Airport Opens Plant Inspection Station
By DeAllous Smith

Department of Aviation officials have received permission from the U.S. Department of Agriculture (UDSA) to begin importing all types of propagated material through its recently opened Plant Inspection Station.

The USDA’s action signifies Atlanta’s classification as an official U.S. port-of-entry for propagated materials.

The cleared list of items include post-entry plant material for research purposes, plants, unrooted cuttings, tissue culture plant material, seeds and herbarium specimens.

“The City of Atlanta is experiencing a surge in the total volume of propagated material traveling through the Airport,” said USDA Supervisor Plant Protection and Quarantine Officer-in-Charge Carlos Perez. “A major factor for the increased capacity includes airline expansion into new markets such as Africa, Asia, Latin America and Europe.”

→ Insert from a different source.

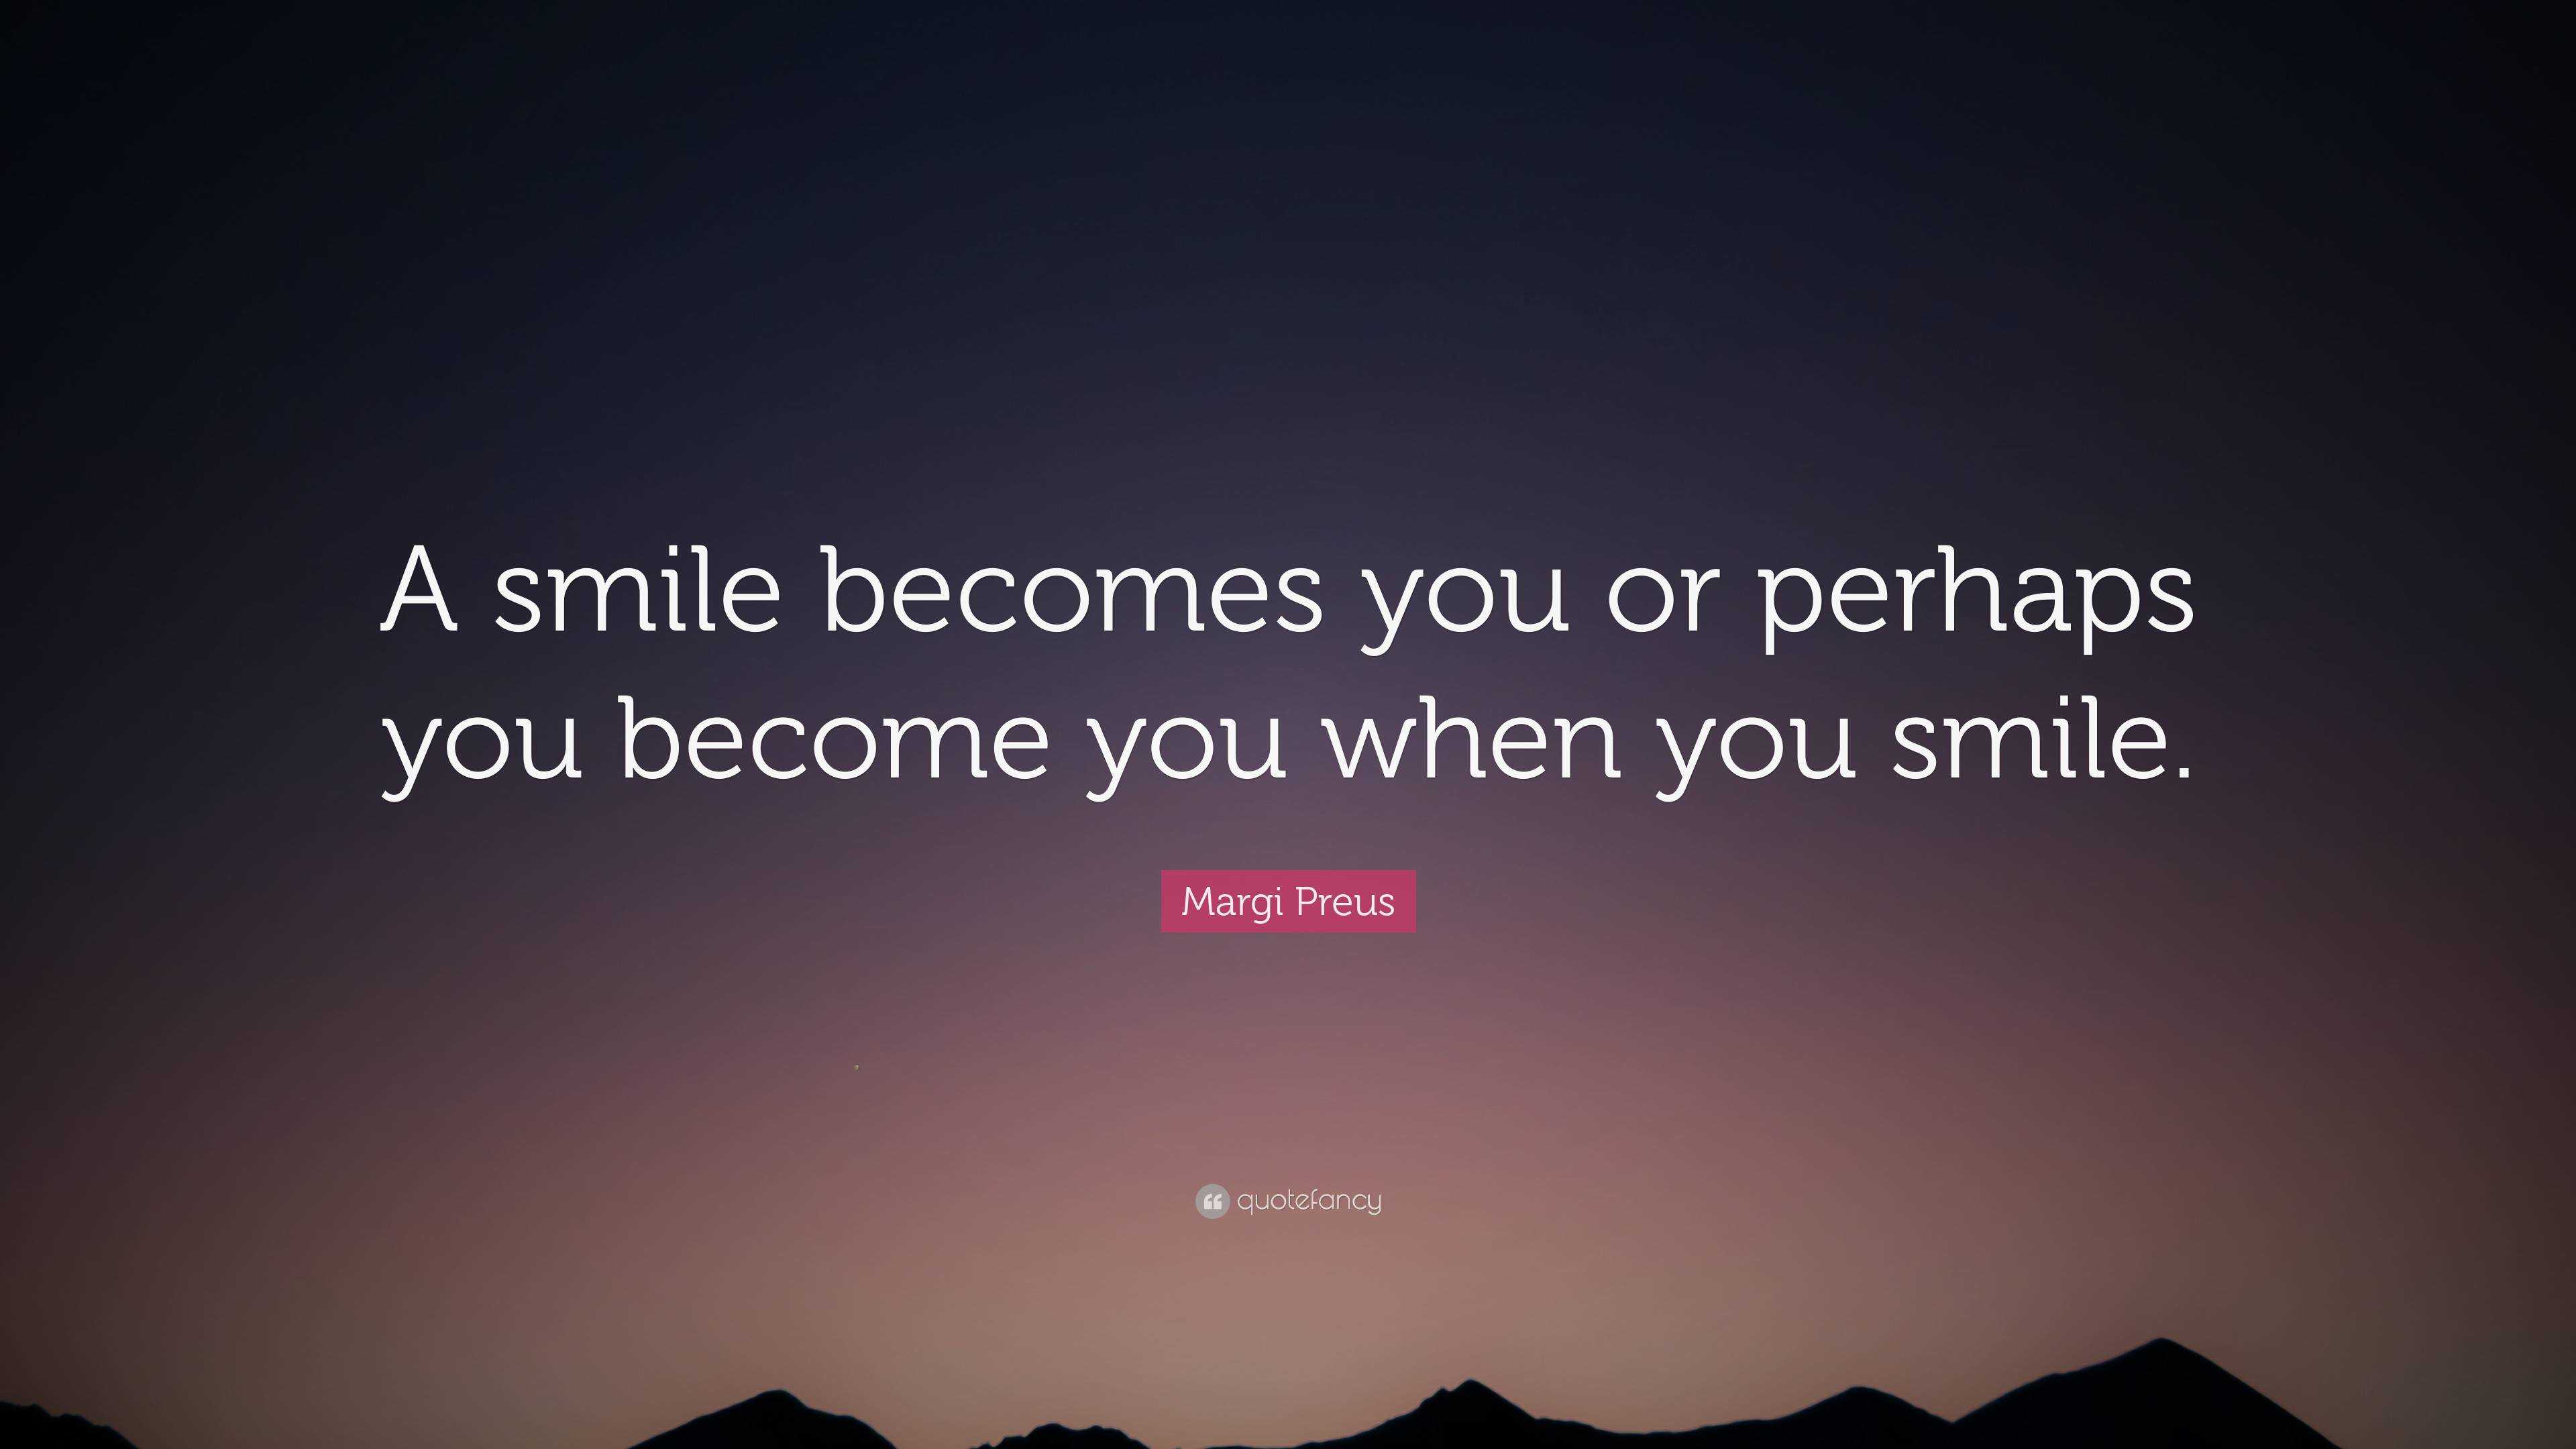 Margi Preus Quote: “A smile becomes you or perhaps you become you when ...

Between October 2006 and May 2007, Hartsfield-Jackson handled more than 24 million units of plants from 1,650 shipments to become the fifth busiest Plant Inspection Station in the nation. Miami and Los Angeles Plant Inspection Stations hold the two top spots, respectively. There are a total of 17 Plant Inspection Stations operating in the U.S.

Currently, Hartsfield-Jackson’s PIS is operated in a temporary 2,200-square-foot facility inside the former equine quarantine facility. If propagated material imports continue to increase, USDA officials anticipate building a permanent facility by 2009.